4) I'm not in favor of filters usually. Lenses are designed for best results on their own without additional glass added to the end of the lens barrel. If you need to protect your lens keep the lens cap on when not in use. Otherwise, when working at the beach or near water, just attach a polarizer (to reduce glare) or if cloudy and not a lot of glare and skies are already blue and cloudy, then a simple UV filter will work to keep sand and sea water away from the lens.
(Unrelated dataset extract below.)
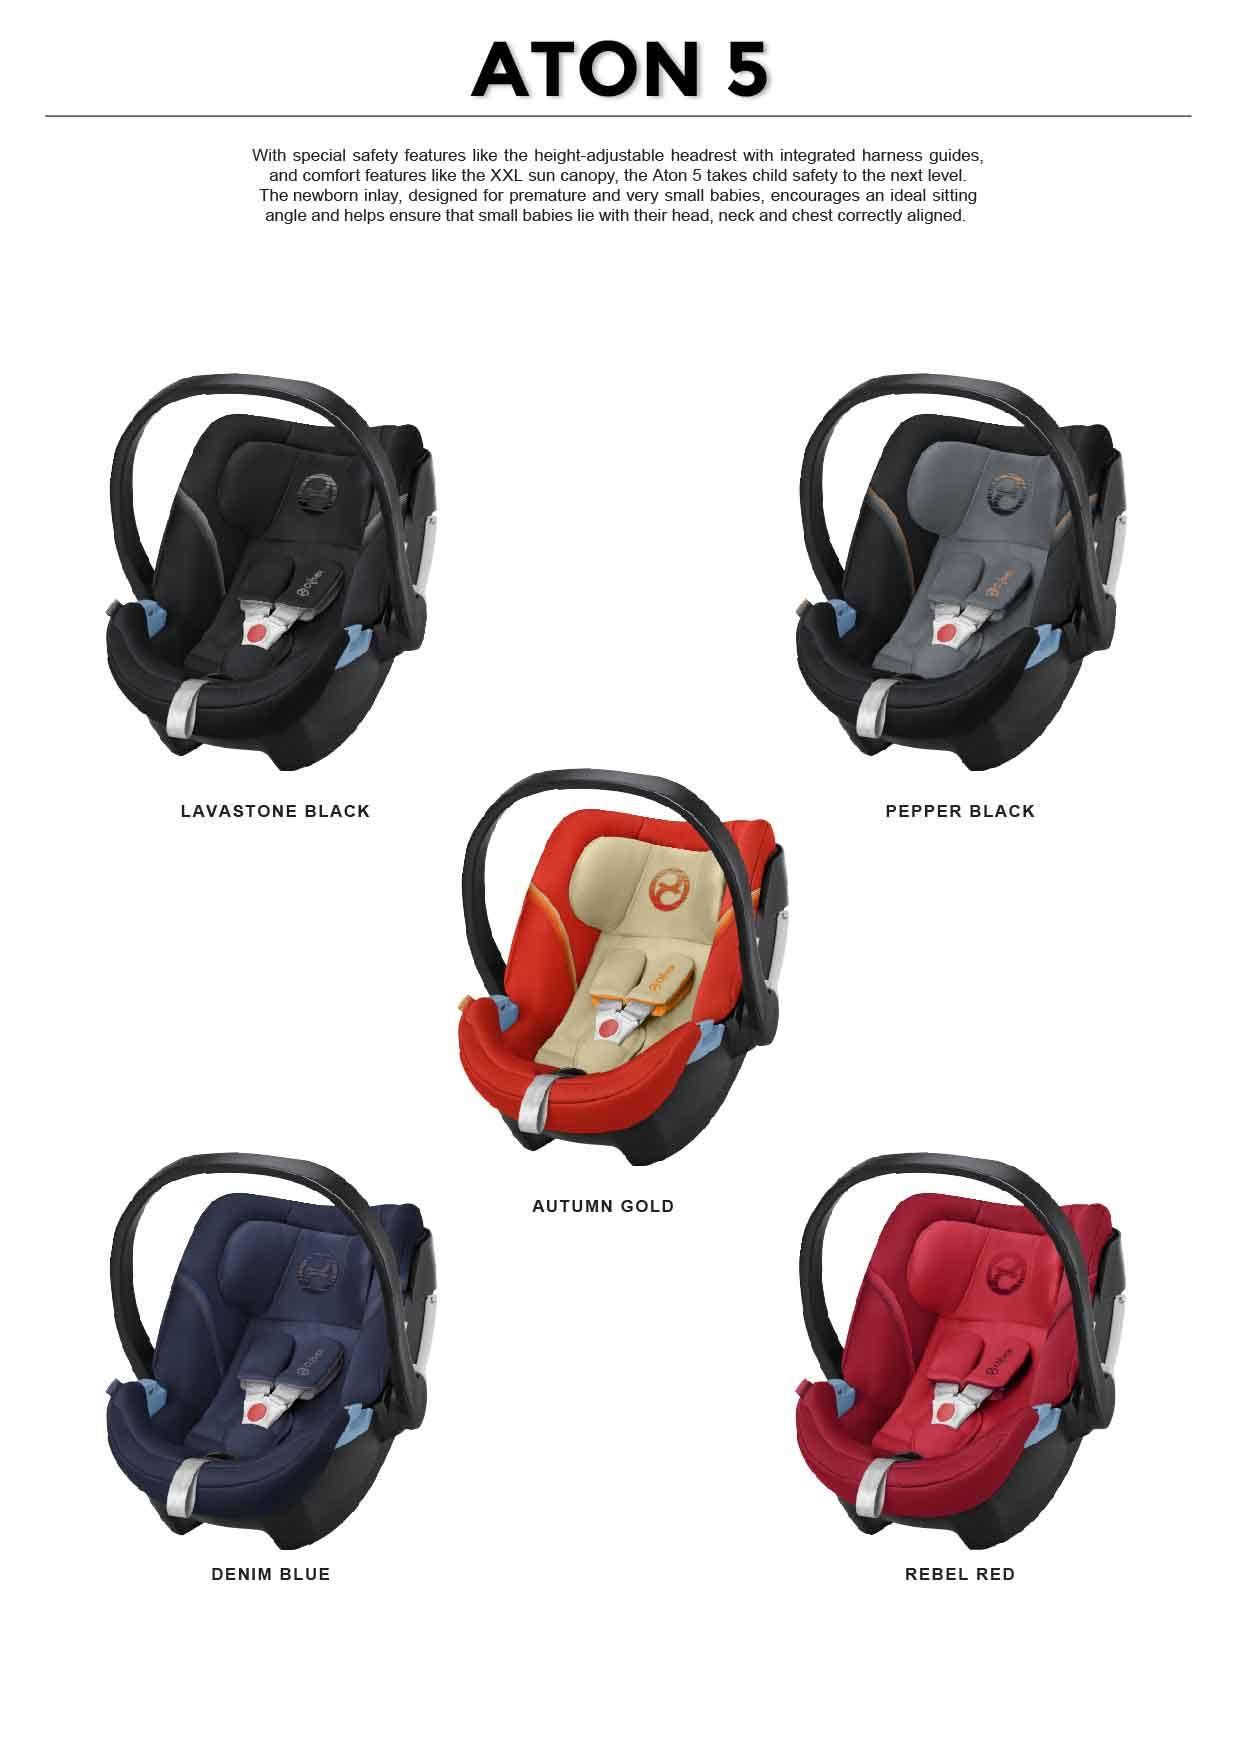 36 Cybex Ideas Cybex Baby Strollers Cybex Gold

Nevertheless, even filters have different degrees of quality, so a top quality filter will give clearer results than a cheaper brand. ** BUT NOTHING WILL HELP YOU GET CLEAR PHOTOS IF YOUR FILTER IS SMEARED OVER WITH FINGERPRINTS, DIRT, GREASE AND GRIME, So clean your filters before using them! **

5) With digital work, many things (contrast, color, etc.) can be tweaked using software, BUT, now this is Important, YOU MUST START OUT WITH A FAIRLY GOOD IMAGE to make it worth "tweaking"!

If the original is out of focus or blurry due to camera shake, or the image lacks any detail in the dark or light areas, then it is like starting out with damaged goods and even Photoshop won't be able to do much with it in the end.

Digital film is cheap and reusable! Take dozens of shots if you need to and preview each one to see if you are getting the results you want. Expose each scene 1-stop above and below the recommended exposure as this will give you some latitude of choice.

With analog film, bracketing was an expensive effort and you never knew if you "GOT IT" until you saw the results. However, digital is instant - so have fun.

Your ideas and techniques may be different than mine, and that is fine! The main point is to enjoy photography and get what you want out of it! Happy shooting.